MAROKO133 Update ai: Anthropic launches Cowork, a Claude Desktop agent that works in your

πŸ“Œ MAROKO133 Hot ai: Anthropic launches Cowork, a Claude Desktop agent that works i

Anthropic released Cowork on Monday, a new AI agent capability that extends the power of its wildly successful Claude Code tool to non-technical users β€” and according to company insiders, the team built the entire feature in approximately a week and a half, largely using Claude Code itself.

The launch marks a major inflection point in the race to deliver practical AI agents to mainstream users, positioning Anthropic to compete not just with OpenAI and Google in conversational AI, but with Microsoft's Copilot in the burgeoning market for AI-powered productivity tools.

"Cowork lets you complete non-technical tasks much like how developers use Claude Code," the company announced via its official Claude account on X. The feature arrives as a research preview available exclusively to Claude Max subscribers β€” Anthropic's power-user tier priced between $100 and $200 per month β€” through the macOS desktop application.

For the past year, the industry narrative has focused on large language models that can write poetry or debug code.
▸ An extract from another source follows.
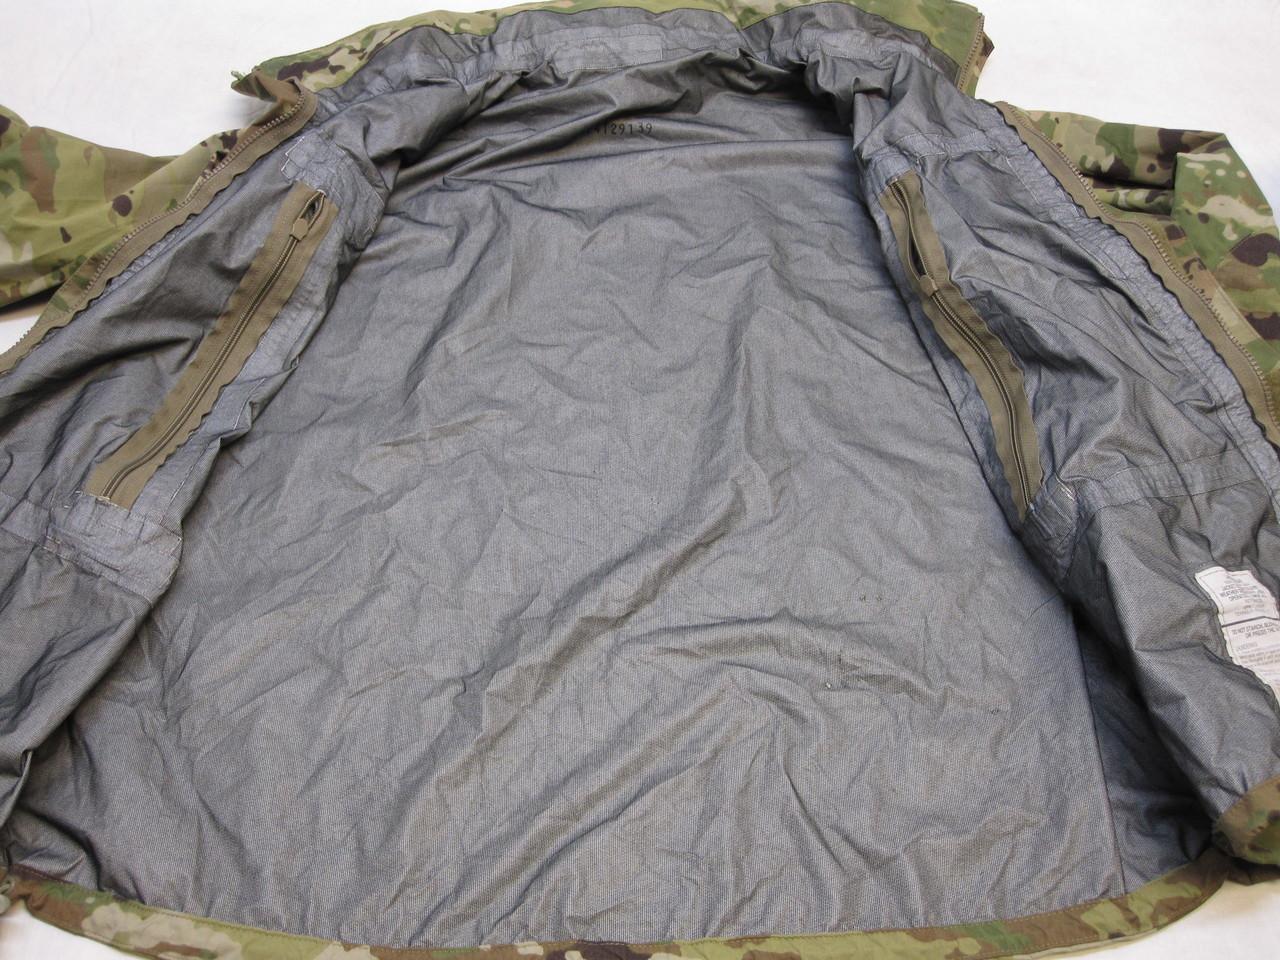 ARMY OCP MULTICAM LEVEL 6 COLD/ WET WEATHER JACKET LARGE/REGULAR GEN III TOP br

With Cowork, Anthropic is betting that the real enterprise value lies in an AI that can open a folder, read a messy pile of receipts, and generate a structured expense report without human hand-holding.

How developers using a coding tool for vacation research inspired Anthropic's latest product

The genesis of Cowork lies in Anthropic's recent success with the developer community. In late 2024, the company released Claude Code, a terminal-based tool that allowed software engineers to automate rote programming tasks. The tool was a hit, but Anthropic noticed a peculiar trend: users were forcing the coding tool to perform non-coding labor.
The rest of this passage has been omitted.